| EXERCISE DESCRIPTION |
The answer must be every line of the records in which the string "Women" appears.

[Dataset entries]

+---+

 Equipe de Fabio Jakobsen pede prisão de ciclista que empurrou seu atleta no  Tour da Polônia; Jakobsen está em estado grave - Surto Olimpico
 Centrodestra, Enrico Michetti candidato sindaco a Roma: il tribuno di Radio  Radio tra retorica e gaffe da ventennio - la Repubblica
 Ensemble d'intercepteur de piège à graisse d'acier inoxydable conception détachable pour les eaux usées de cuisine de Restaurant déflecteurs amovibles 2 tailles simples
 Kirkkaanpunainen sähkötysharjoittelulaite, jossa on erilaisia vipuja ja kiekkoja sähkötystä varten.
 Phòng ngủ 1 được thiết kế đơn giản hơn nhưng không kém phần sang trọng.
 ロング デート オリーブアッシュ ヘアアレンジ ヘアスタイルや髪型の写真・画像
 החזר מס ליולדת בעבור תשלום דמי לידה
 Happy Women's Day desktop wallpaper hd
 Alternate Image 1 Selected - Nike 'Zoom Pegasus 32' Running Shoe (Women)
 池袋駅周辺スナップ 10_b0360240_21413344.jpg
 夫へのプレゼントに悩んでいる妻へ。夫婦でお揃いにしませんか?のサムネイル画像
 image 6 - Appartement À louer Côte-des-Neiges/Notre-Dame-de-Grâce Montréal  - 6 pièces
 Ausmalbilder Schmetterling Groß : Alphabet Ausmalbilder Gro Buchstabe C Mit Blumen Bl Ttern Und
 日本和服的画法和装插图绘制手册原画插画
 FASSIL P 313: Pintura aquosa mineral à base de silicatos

+---+

| RESULT OF THE EXERCISE |
 Happy Women's Day desktop wallpaper hd
 Alternate Image 1 Selected - Nike 'Zoom Pegasus 32' Running Shoe (Women)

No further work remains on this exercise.